Drug repurposing goes by a lot of names—some less flattering than others—but put simply, repurposing involves applying a drug’s mechanism of action to an indication far from its original intended use. The best-known example may be sildenafil (Viagra), which failed in early trials as a hypertension agent but became a household word after men in those studies enjoyed, well, a certain side effect.
With the cost to bring a drug to market north of $1 billion, finding a use for a once-promising compound collecting dust on a shelf but has nonetheless cleared preclinical and early safety studies may make strategic sense. Numbers on the size of the repurposing industry are hard to come by, but the existence of several repurposing conferences—when just a few years ago none were held—is a testament to its growth.

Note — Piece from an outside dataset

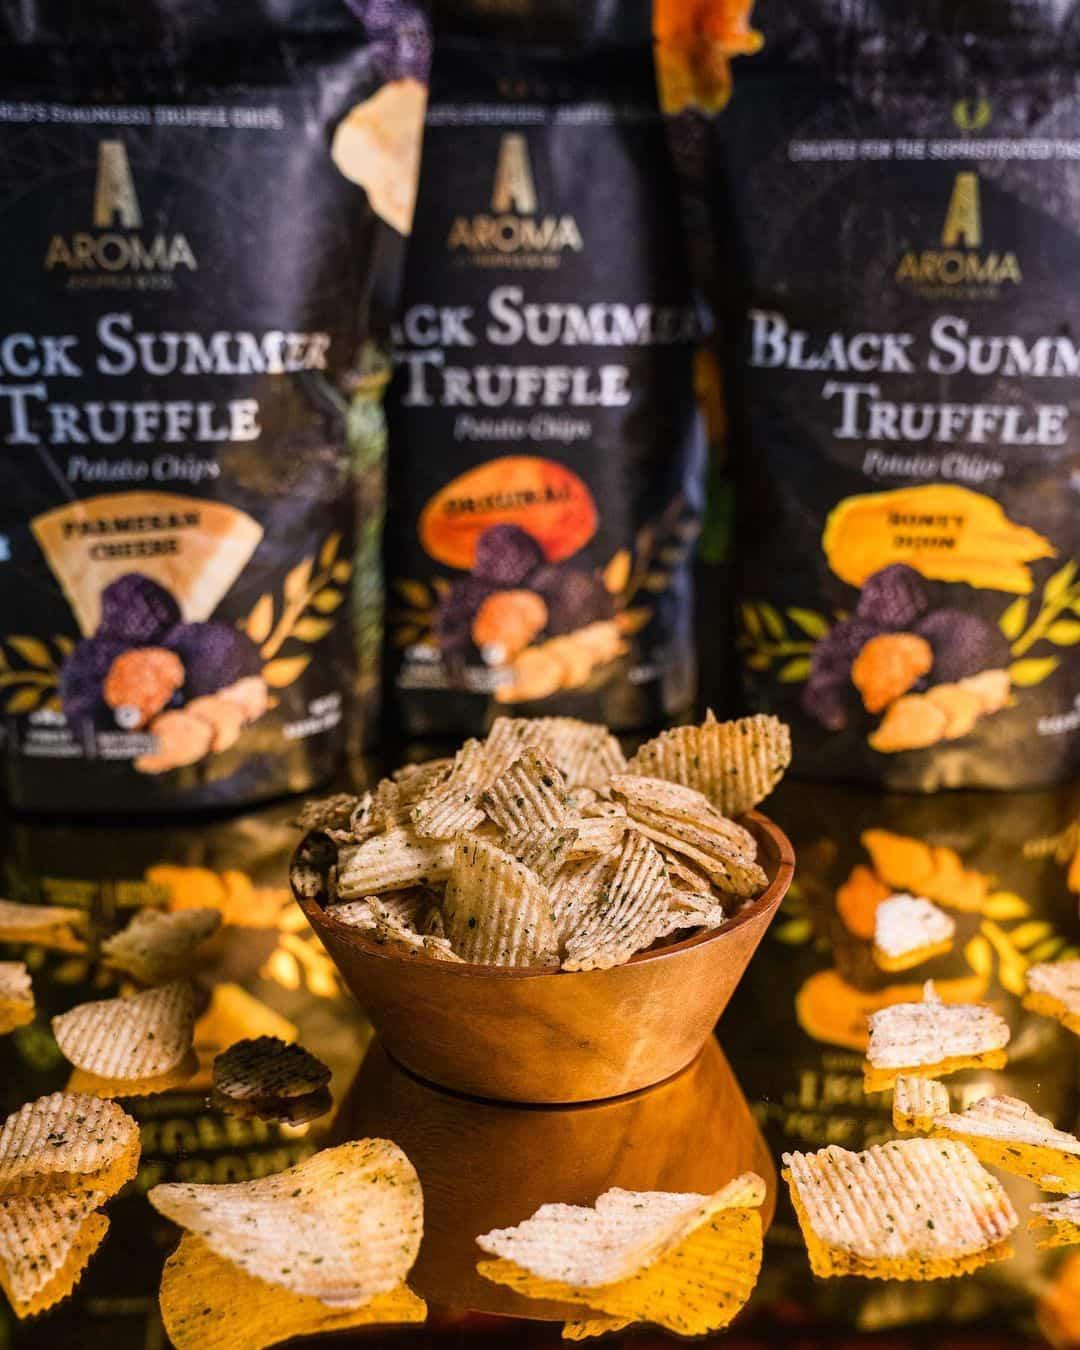 Aroma Truffle Philippines: truffle chips

Some repurposing involves a bit of serendipity, albeit high-tech serendipity. Using complex computational methods, researchers pair the medicinal effects of a drug with molecular features of disease, such as cellular pathways, to predict usefulness for a given purpose. This approach led researchers at Johns Hopkins and the University of Texas to the discovery that itraconazole, the common antifungal agent, inhibits the Hedgehog signaling pathway. In a subsequent phase 2 study published in the Journal of Clinical Oncology, the researchers reported that itraconazole reduced Hedgehog pathway activity and cell growth in patients with basal cell carcinoma. In January, Japanese researchers published evidence of itraconazole’s effectiveness against endometrial cancer cell proliferation.
It often pays to repurpose projects for drugs with an established safety profile, says Christine Colvis of the National Center for Advancing Translational Sciences.

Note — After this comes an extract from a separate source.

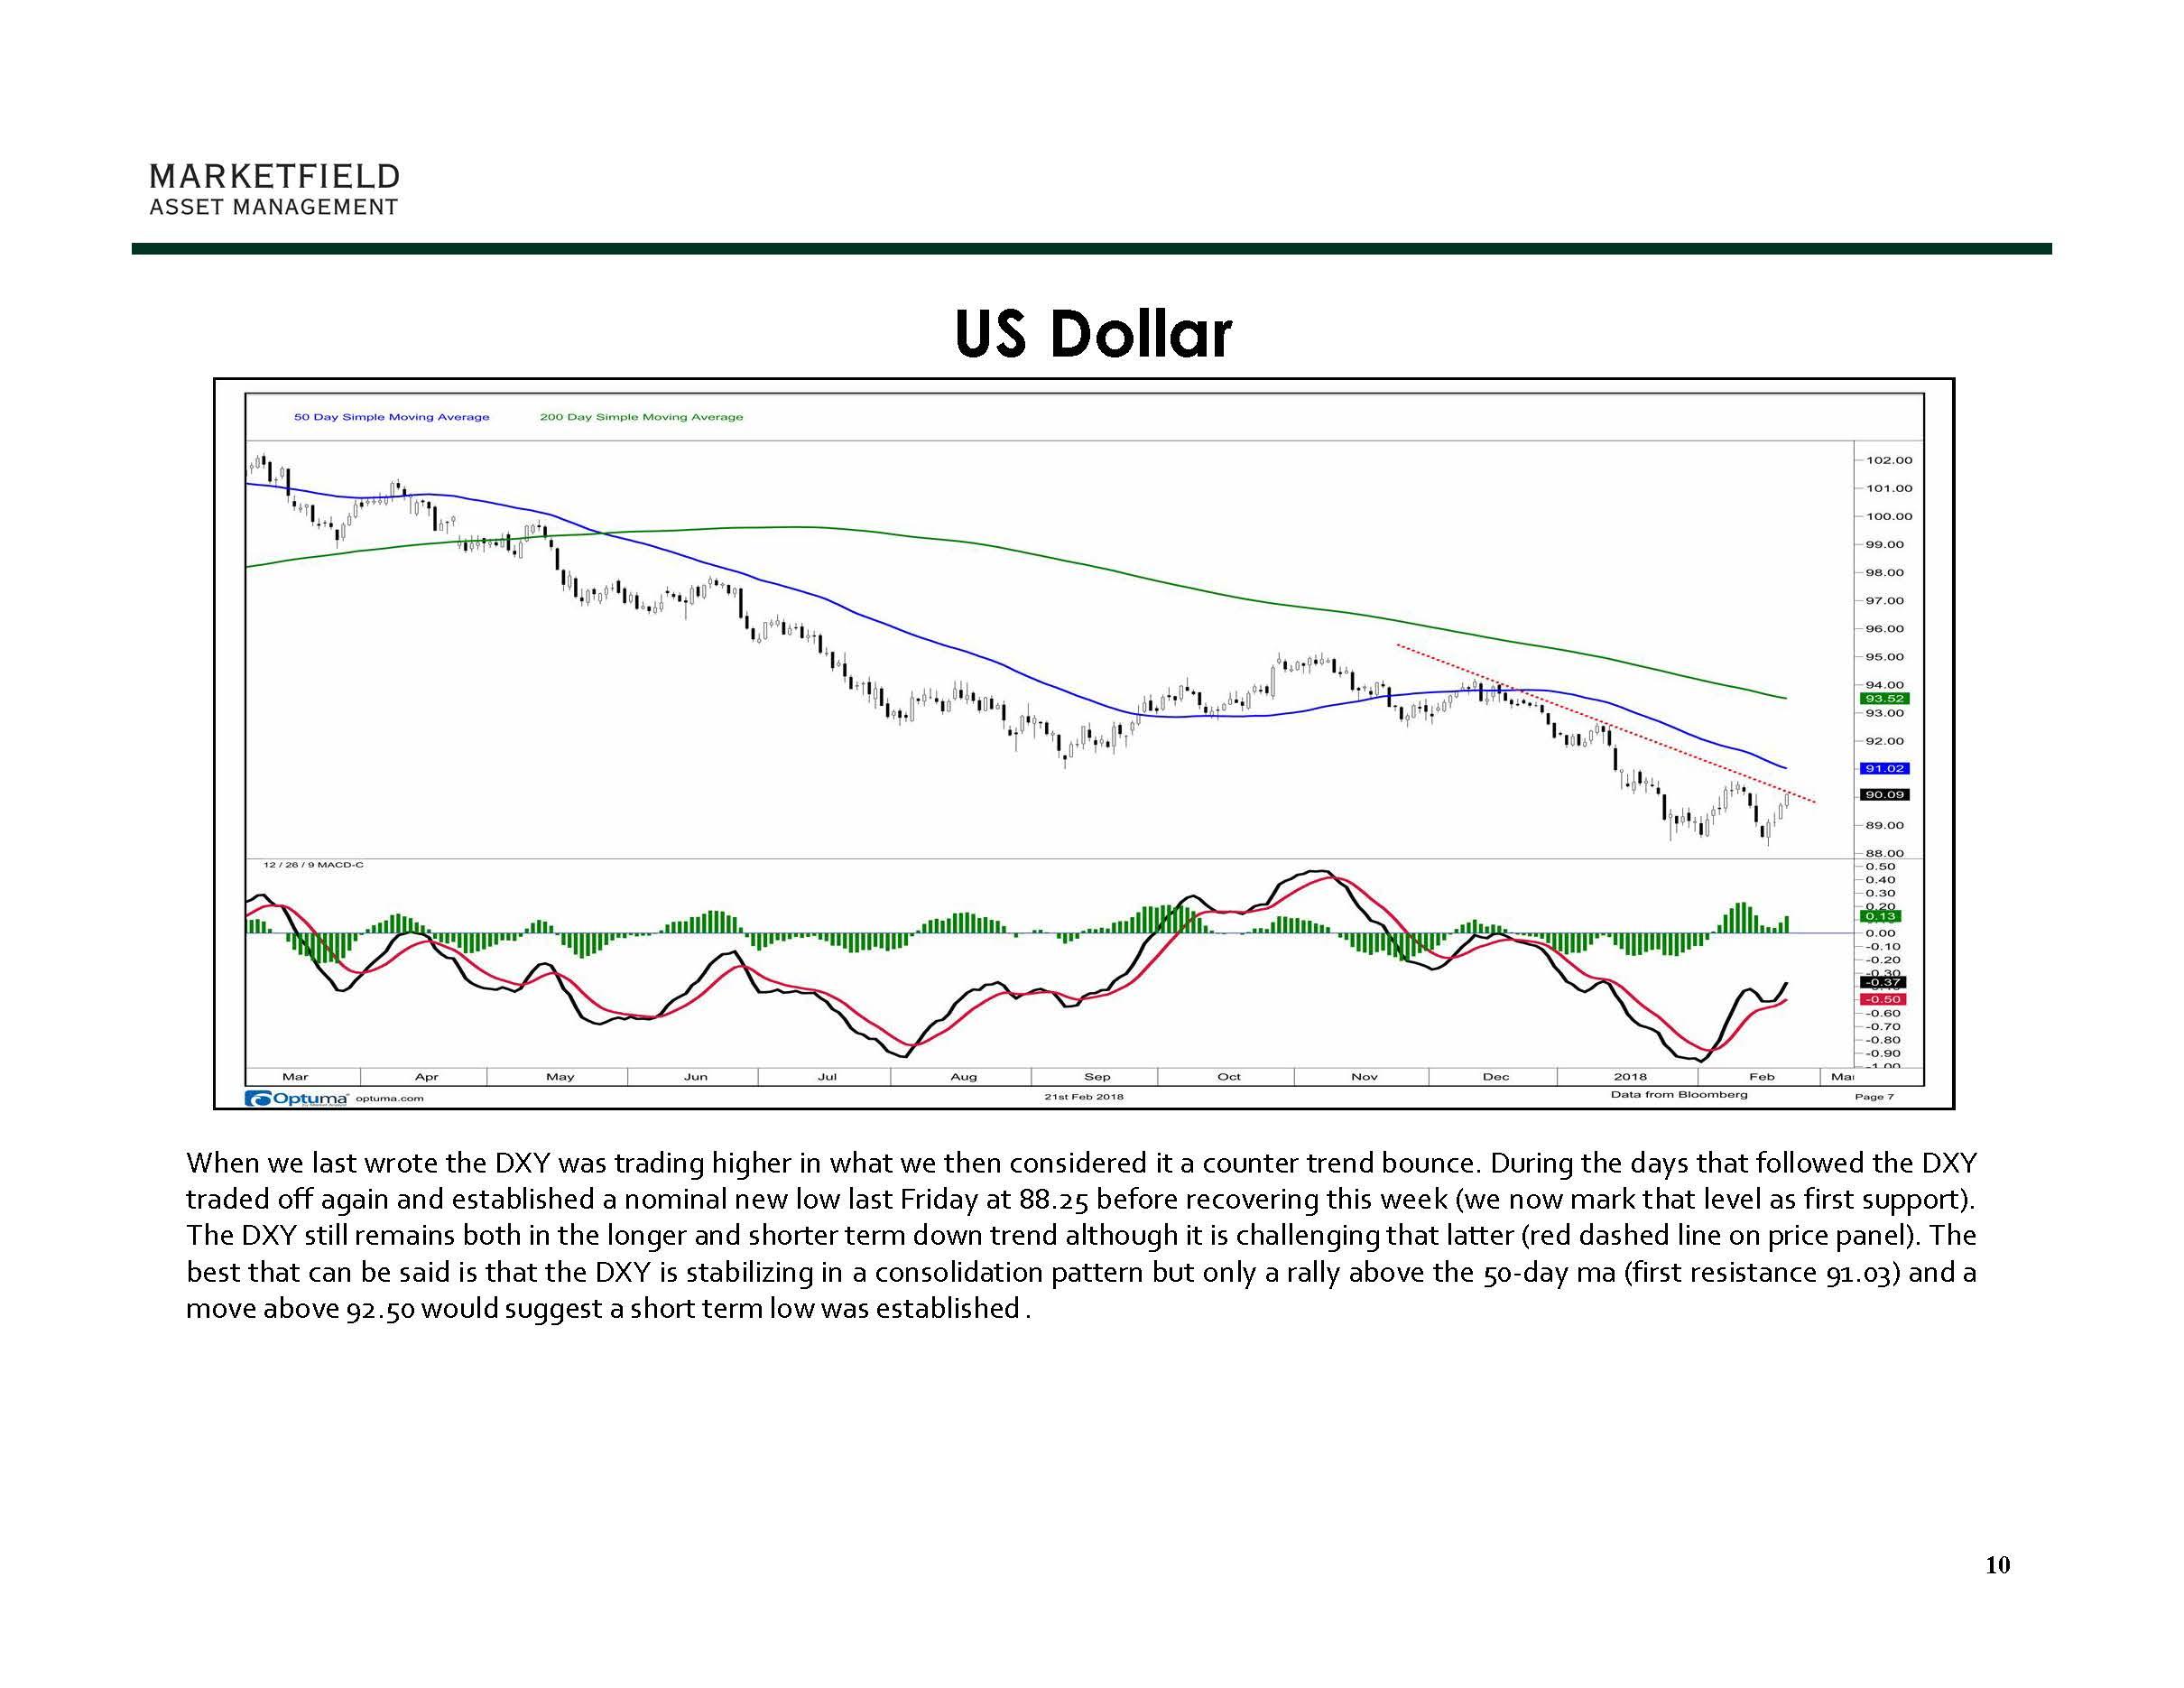 Marketfield Weekly Speculator 02-22-18_Page_10.jpg

Other efforts take a personalized medicine approach. For example, Almac, a Northern Ireland company with U.S. operations, works with pharmaceutical clients to examine databases to identify subgroups that might signal the presence of a predictive biomarker.
NIH gets into the game
The National Center for Advancing Translational Sciences (NCATS), part of the National Institutes of Health, puts a new twist on repurposing. In its Discovering New Therapeutic Uses for Existing Molecules program, NCATS uses the power of crowdsourcing to match pharmaceutical company-donated assets with scientists who envision new conditions for which they may be effective. The program funds repurposing projects for drugs with an established safety profile and that once advanced to clinical studies, but are no longer under commercial development. Christine Colvis, director of drug development partnership programs at NCATS, says the primary focus is improving the efficiency of addressing unmet needs, not the commercial viability of a molecule.
“The program demonstrates that public posting of industry assets to solicit new therapeutic use ideas from the academic community via crowdsourcing is an effective way to launch new collaborations,” says Colvis. She points to one project in which a team at Yale found that saracatinib—originally developed as a cancer therapy—could be used to treat Alzheimer’s disease. “By repurposing an existing drug, investigators were able to begin testing it in humans within three months of receiving their award. Typically, it would take more than a decade from the discovery of a promising compound to its readiness for clinical trials.”
The project is one of the early successes of the New Therapeutic Uses program. Shortly before AstraZeneca made saracatinib—a Fyn kinase inhibitor—available for study, the Yale team had discovered that activation of the Fyn kinase protein triggers a process that leads to synapse loss, a characteristic of Alzheimer’s. The team, led by Stephen Strittmatter, MD, hypothesized that blocking Fyn activity may modify the course of Alzheimer’s. After four weeks, saracatinib reversed synapse and memory loss in mice. Strittmatter’s team went on to complete a successful phase 1b trial and has advanced to a multisite phase 2a study of saracatinib.
NCATS has funded 13 projects, with another round of funding likely next year. “Some of our projects will use a personalized medicine approach to identify patients that are most likely to respond to therapy,” says Colvis. Those studies are ongoing now, so details are not yet publicly available.
For a drug already on the market, a successful repurposing may or may not boost its cost. A 2014 analysis in the Journal of Market Access and Health Policy found that potential for cost increases is greatest when the treatment setting shifts from outpatient to hospital, route of administration changes, an unmet need is addressed, or if the drug is classified as orphan.